Announcing: The Great Battle of the Hash Codes
And you're invited to participate.
Soon I will give the not-yet-released version of
Oscar the option of reading its set of base hash code constants from a file at start time.
Oscar needs 824 of these codes, each 128 bits long. The input file is 824 codes, one per line, with each code represented as 32 hexadecimal digits. For an example input file, see
Oscar's default set at:
https://dl.dropboxusercontent.com/u/316 ... /HashCodes
Oscar's transposition table implementation is a vector with 2^N elements, with N=24 in the default configuration giving 24 bits of addressing (16,777,216 elements) using the least significant bits of a position's 128 bit signature.
Each signature maps onto two adjacent elements by wildcarding the bottom addressing bit.
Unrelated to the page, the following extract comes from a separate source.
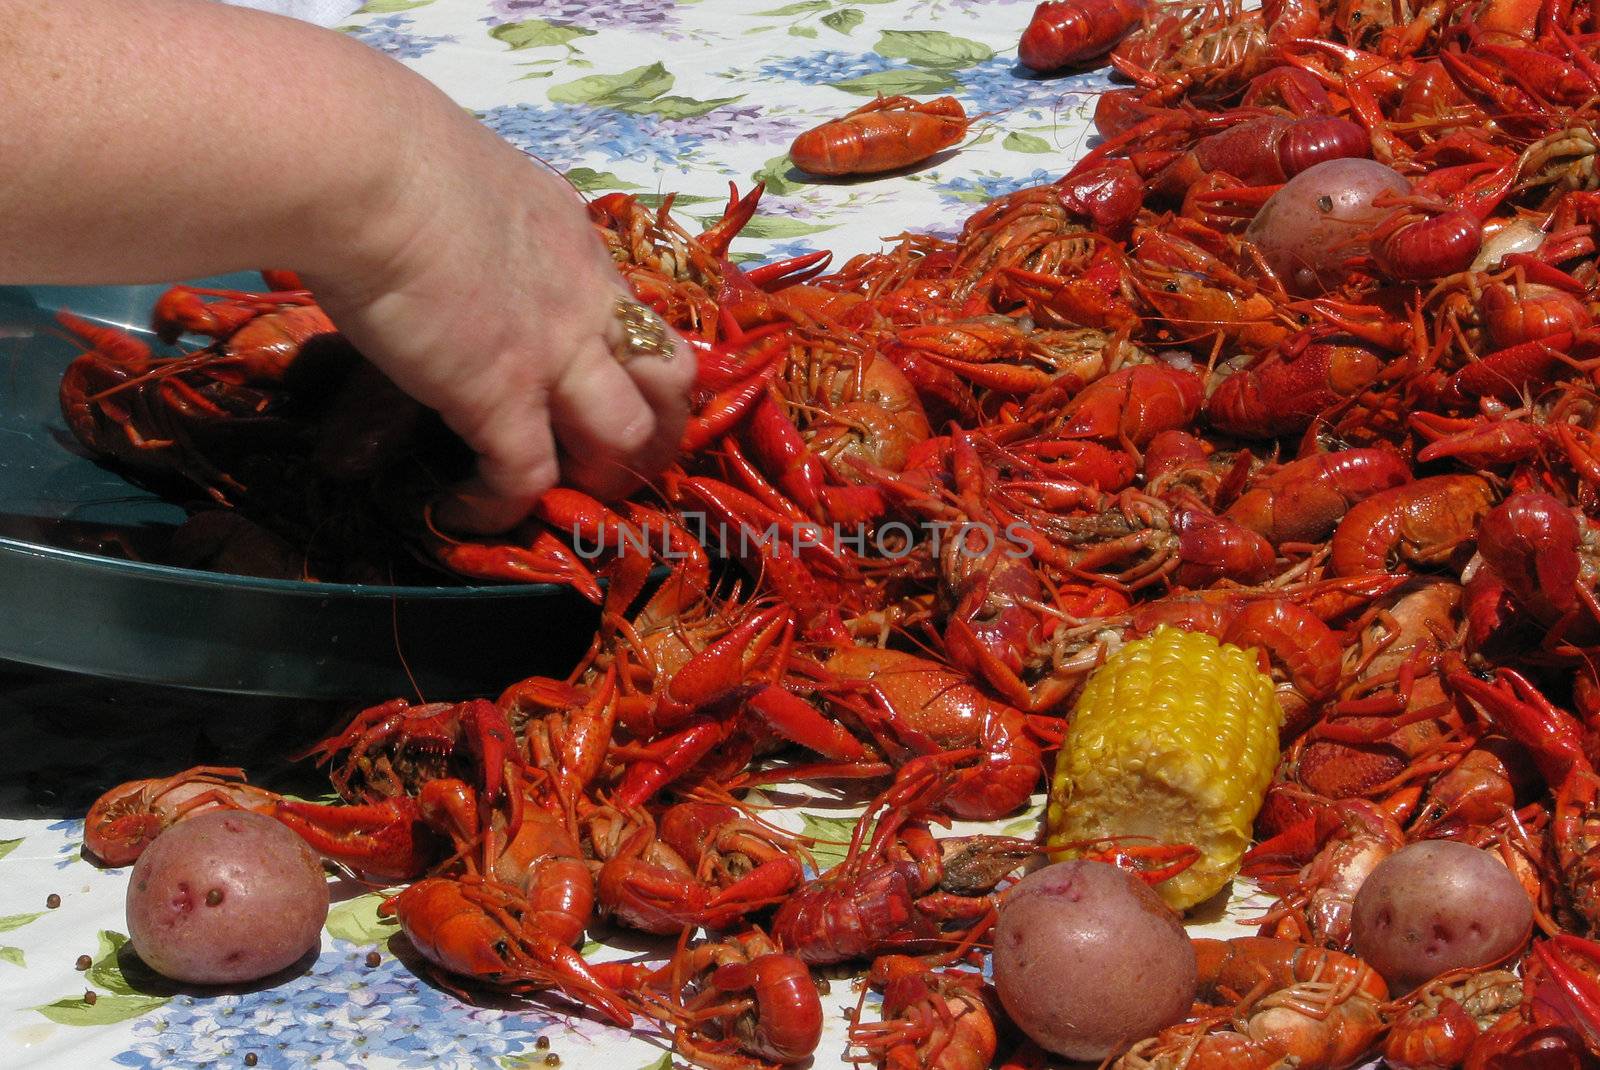 Crawfish being put on a plastic platter tray.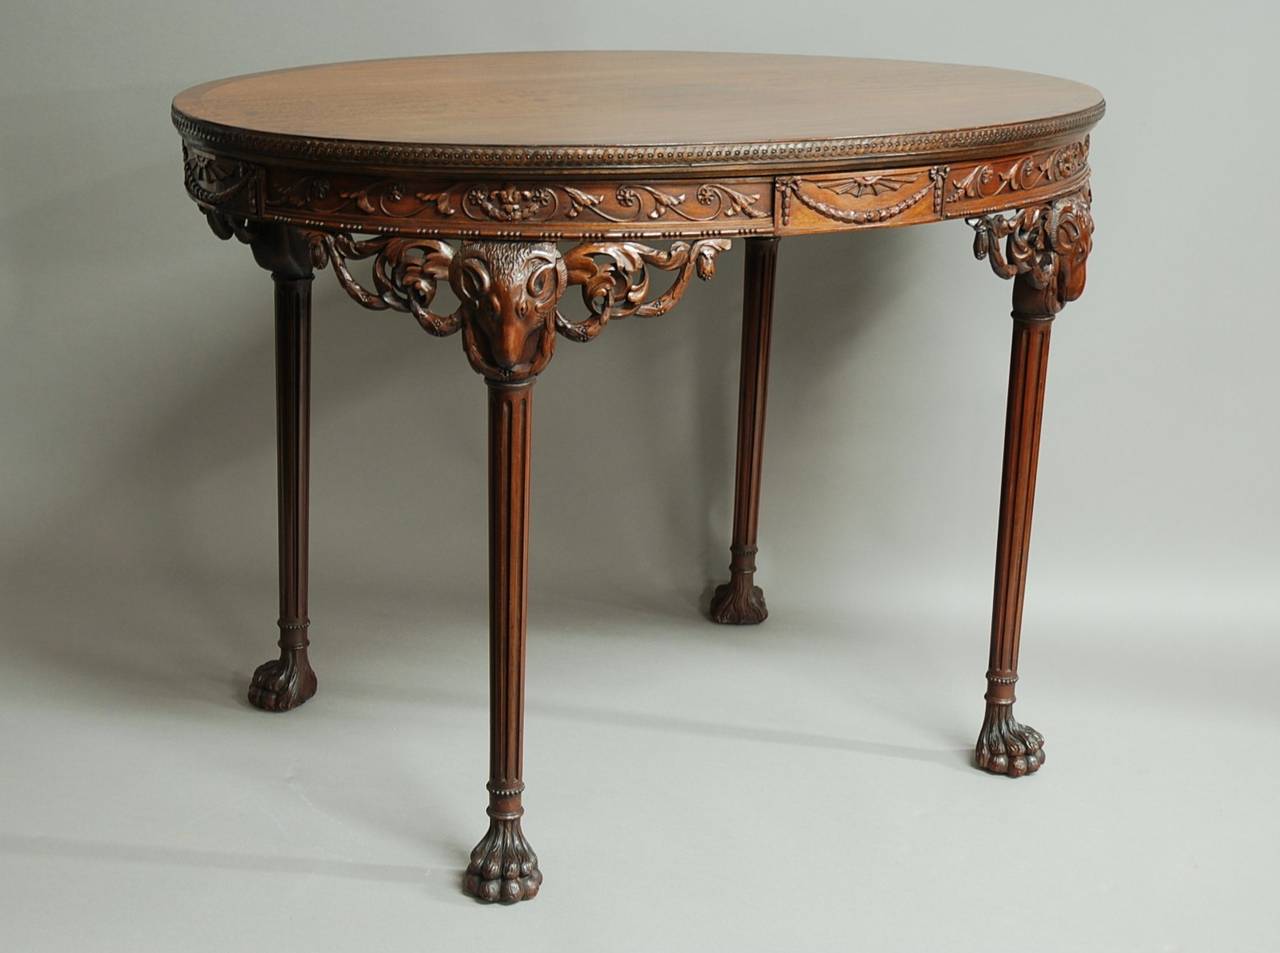 A superb quality early 20th century mahogany centre table in the manner of Robert Adam.

This table consists of a super quality, figured and crossbanded mahogany top with a sophisticated carved edge.

The recessed frieze consists of carved

Both elements are searched during a fetch; on a stash, the element with the lesser perft subtotal is overwritten.
When a
perft() calculation is finished,
Oscar prints the table's utilization coefficient
Cu, the value of the count of used elements divided by the total number of elements. Note that bulk counting is used at the next to bottom ply and these bulk counts are not stored in the table.
With the default base hash code set:
Code: Select all
./operft "rnbqkbnr/pppppppp/8/8/8/8/PPPPPPPP/RNBQKBNR w KQkq - 0 1" 5
4865609
Utilization: 0.000345
./operft "rnbqkbnr/pppppppp/8/8/8/8/PPPPPPPP/RNBQKBNR w KQkq - 0 1" 6
119060324
Utilization: 0.004641
./operft "rnbqkbnr/pppppppp/8/8/8/8/PPPPPPPP/RNBQKBNR w KQkq - 0 1" 7
Utilization: 0.053571
3195901860
./operft "rnbqkbnr/pppppppp/8/8/8/8/PPPPPPPP/RNBQKBNR w KQkq - 0 1" 8
Utilization: 0.528047
84998978956
./operft "rnbqkbnr/pppppppp/8/8/8/8/PPPPPPPP/RNBQKBNR w KQkq - 0 1" 9
Utilization: 0.999979
2439530234167
The goal is to have the hash code file which results in the greatest utilization coefficients. The codes should be easily reproduced in a quick, deterministic, and portable manner. Extra praise awarded to a winner who has a pseudorandom bit generator even simpler than Oscar's routine which uses a row of the first eight primes.
To participate, just post a link to your entry and I'll take it from there.